** GOAL OF THE EXERCISE **
Every line in the data below has to be repeated exactly; no picture belongs in the result.

** GIVEN MATERIAL **

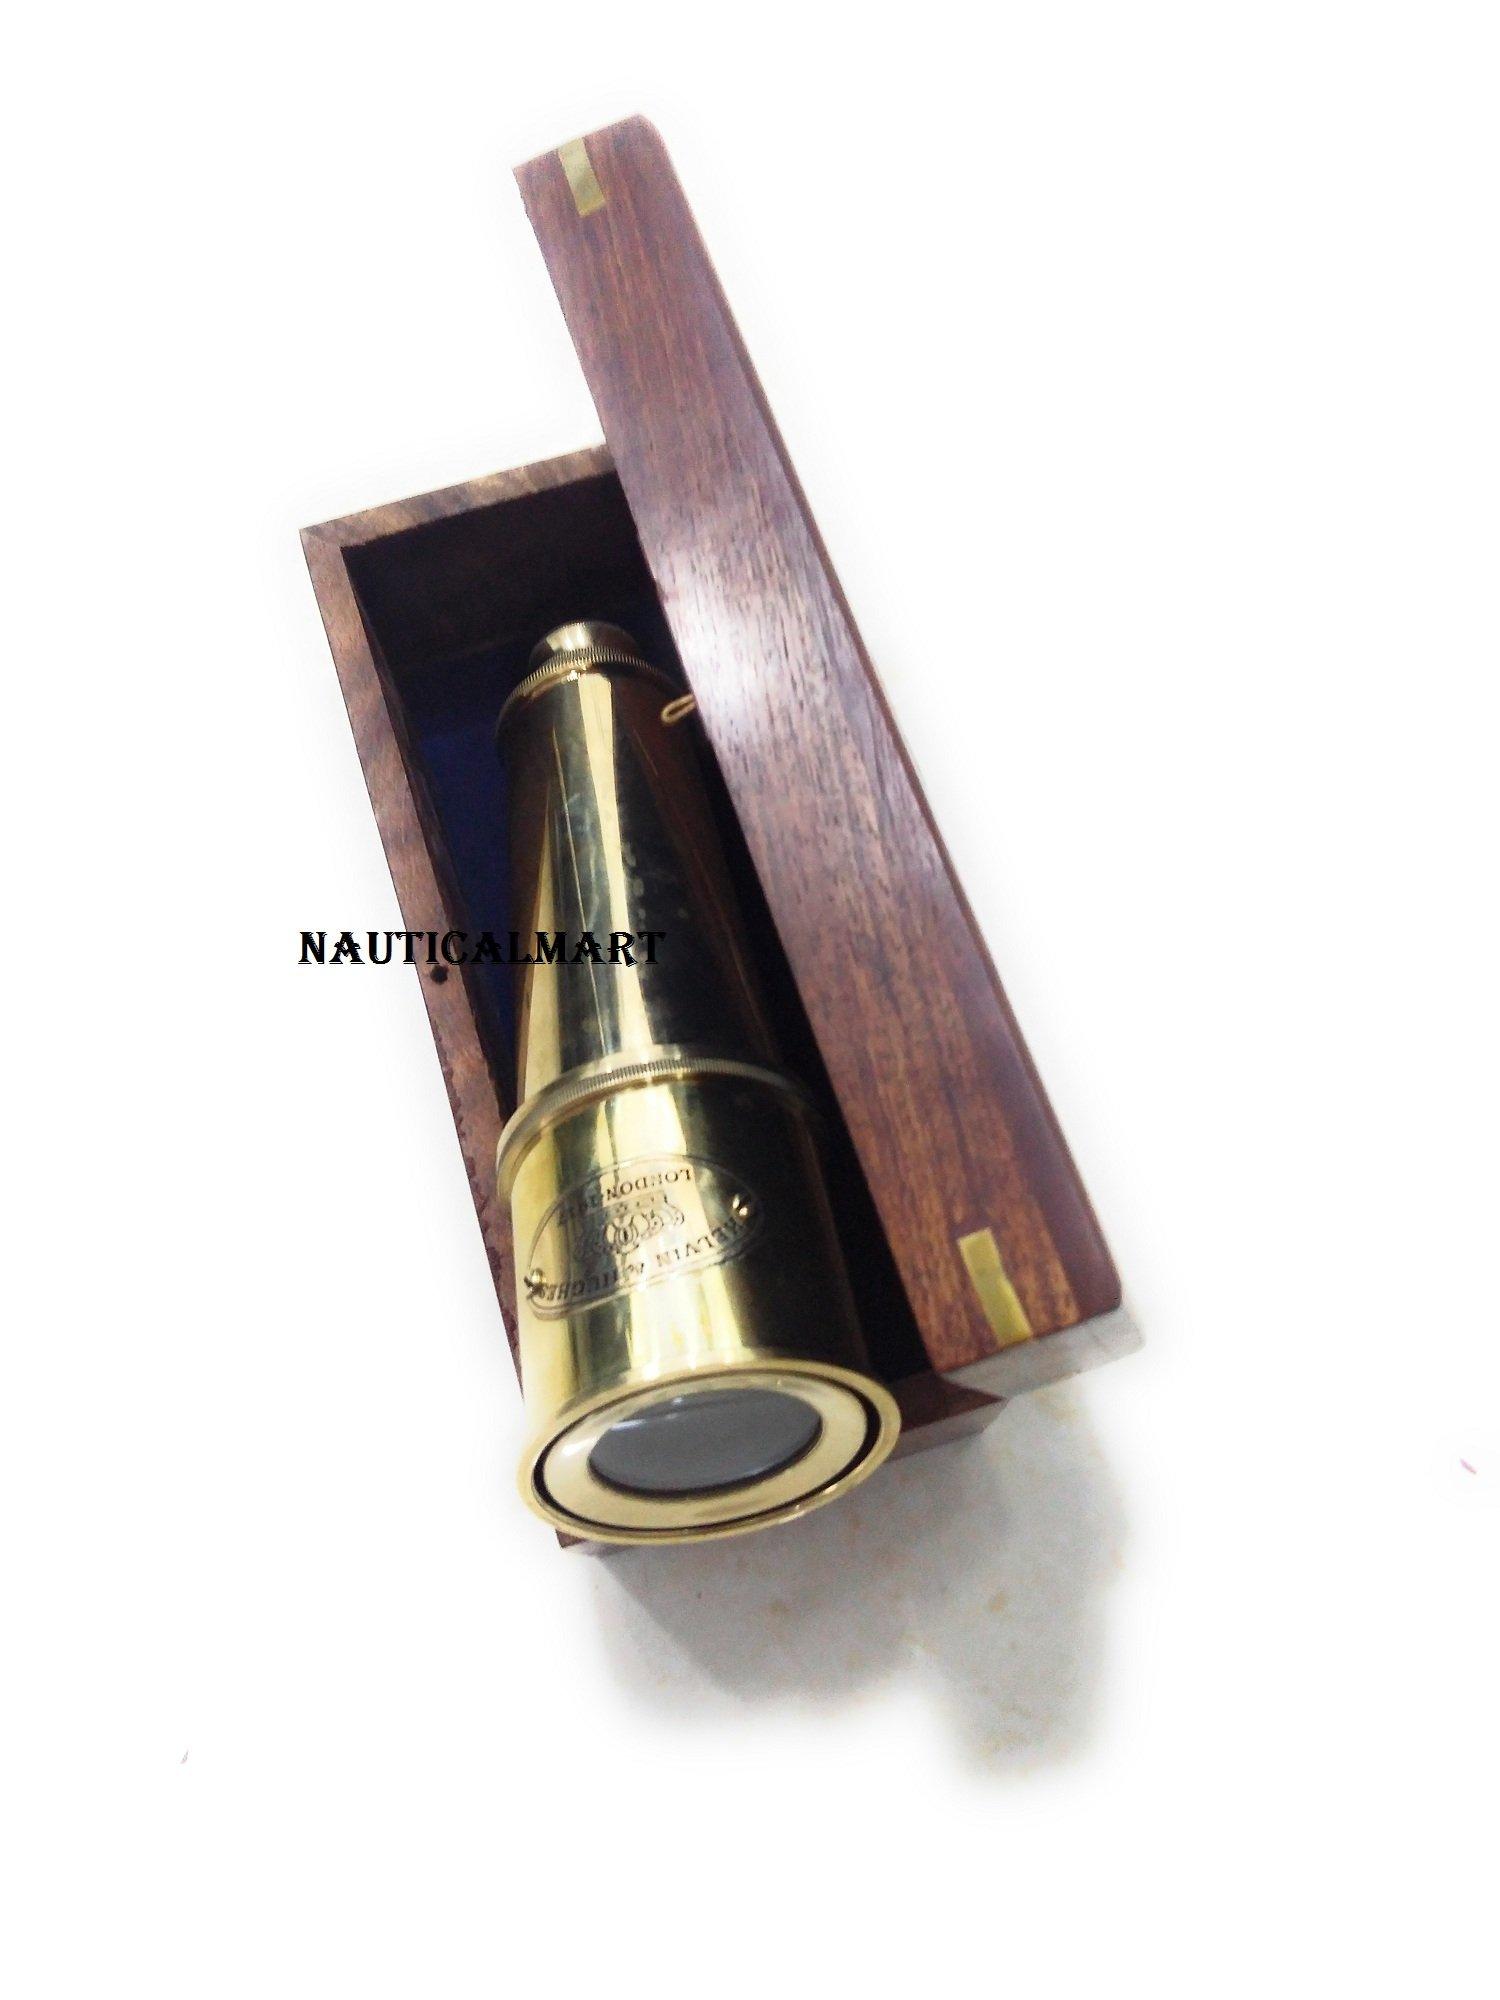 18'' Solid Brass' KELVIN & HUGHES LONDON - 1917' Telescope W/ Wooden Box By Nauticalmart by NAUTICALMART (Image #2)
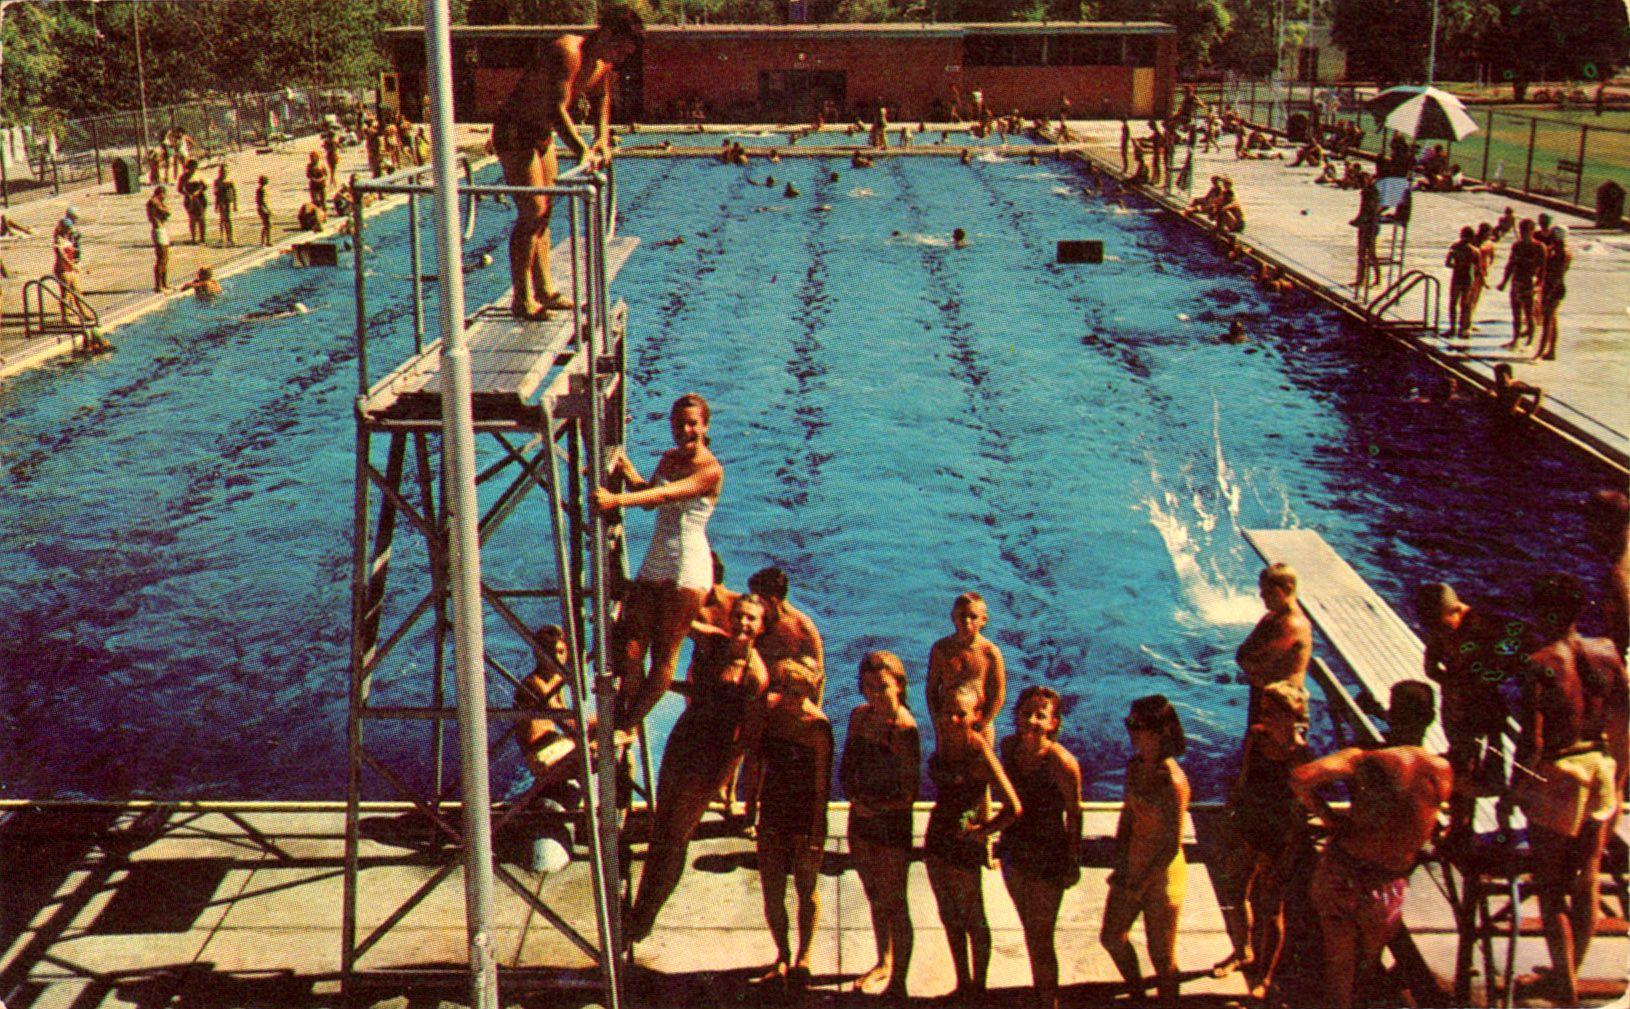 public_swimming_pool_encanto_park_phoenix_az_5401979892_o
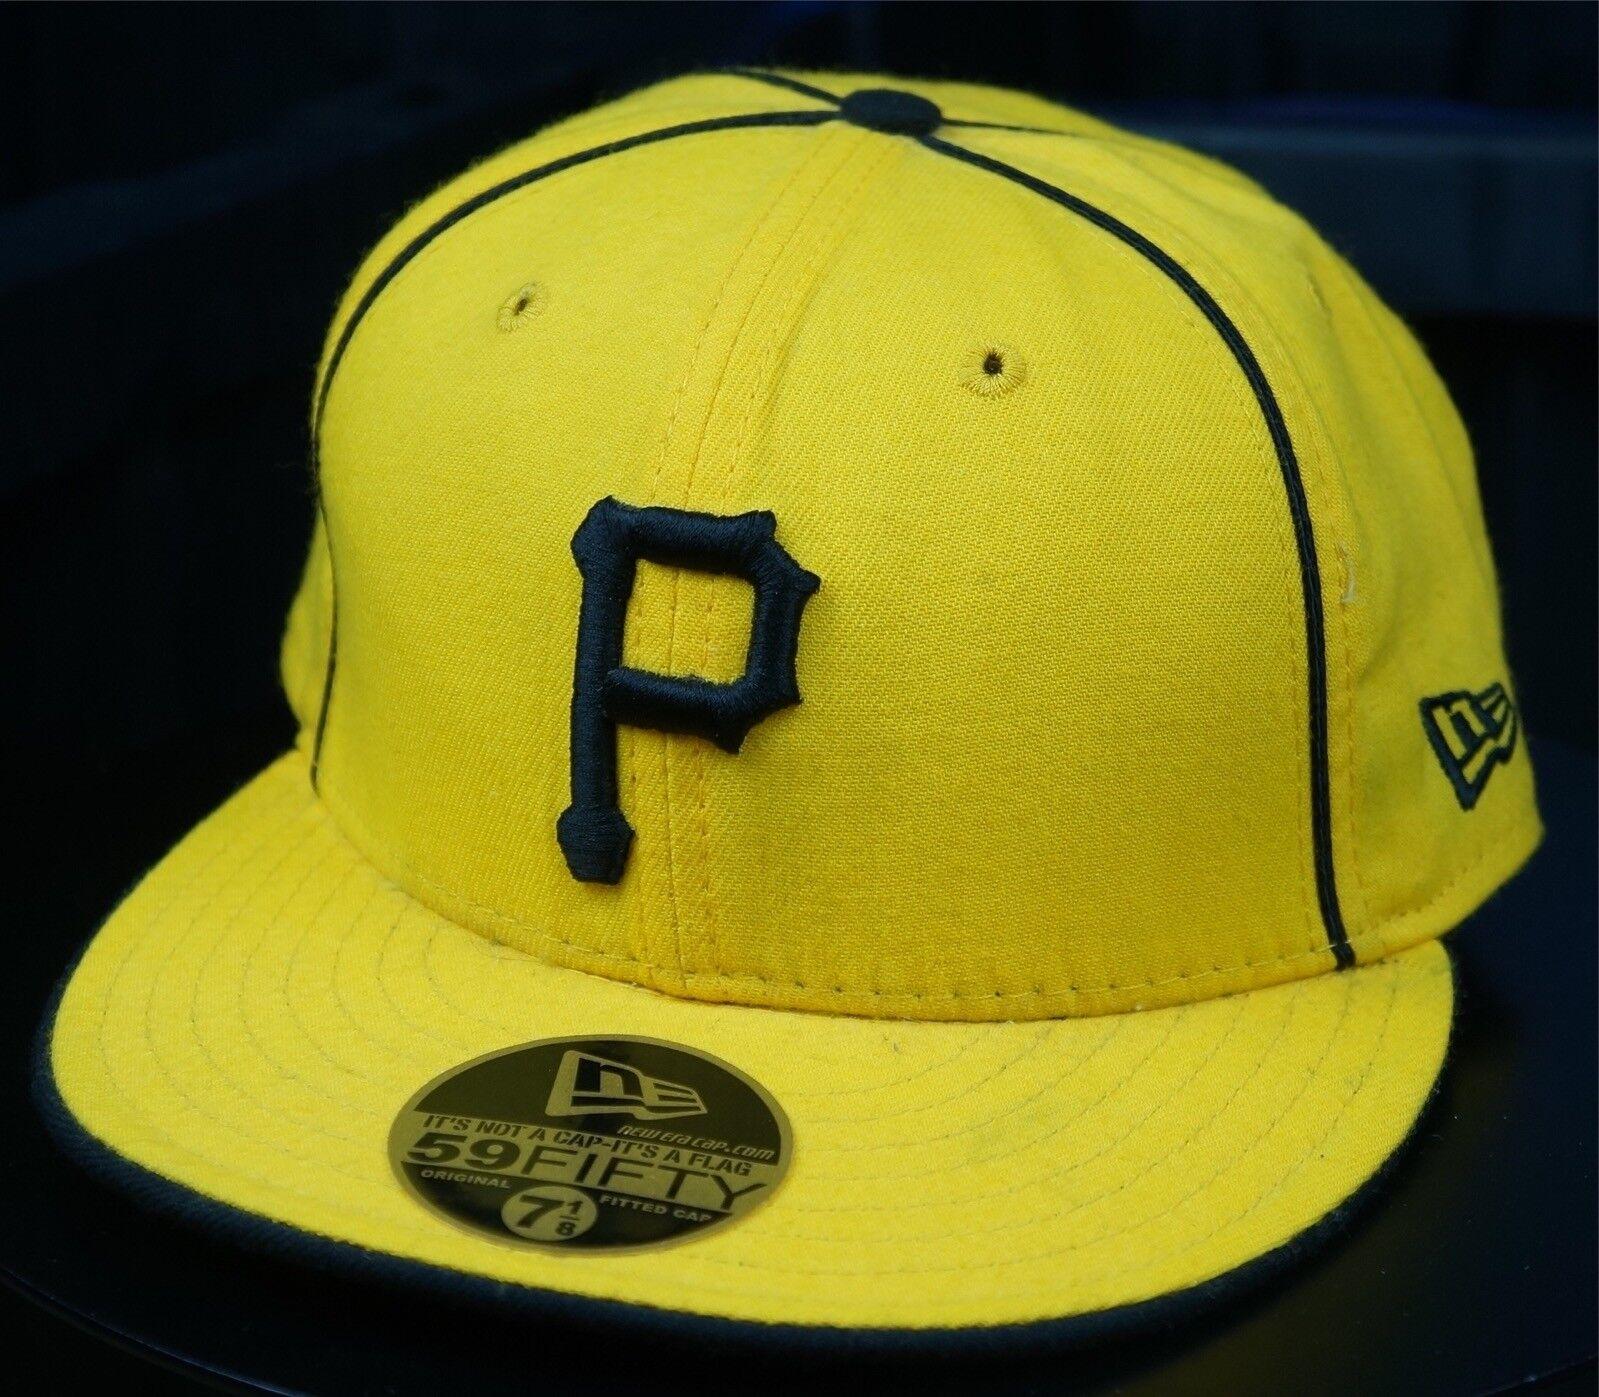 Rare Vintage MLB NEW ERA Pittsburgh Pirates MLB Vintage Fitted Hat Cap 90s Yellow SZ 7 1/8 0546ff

** SOLUTION TO THE PROBLEM **
 18'' Solid Brass' KELVIN & HUGHES LONDON - 1917' Telescope W/ Wooden Box By Nauticalmart by NAUTICALMART (Image #2)
 public_swimming_pool_encanto_park_phoenix_az_5401979892_o
 Rare Vintage MLB NEW ERA Pittsburgh Pirates MLB Vintage Fitted Hat Cap 90s Yellow SZ 7 1/8 0546ff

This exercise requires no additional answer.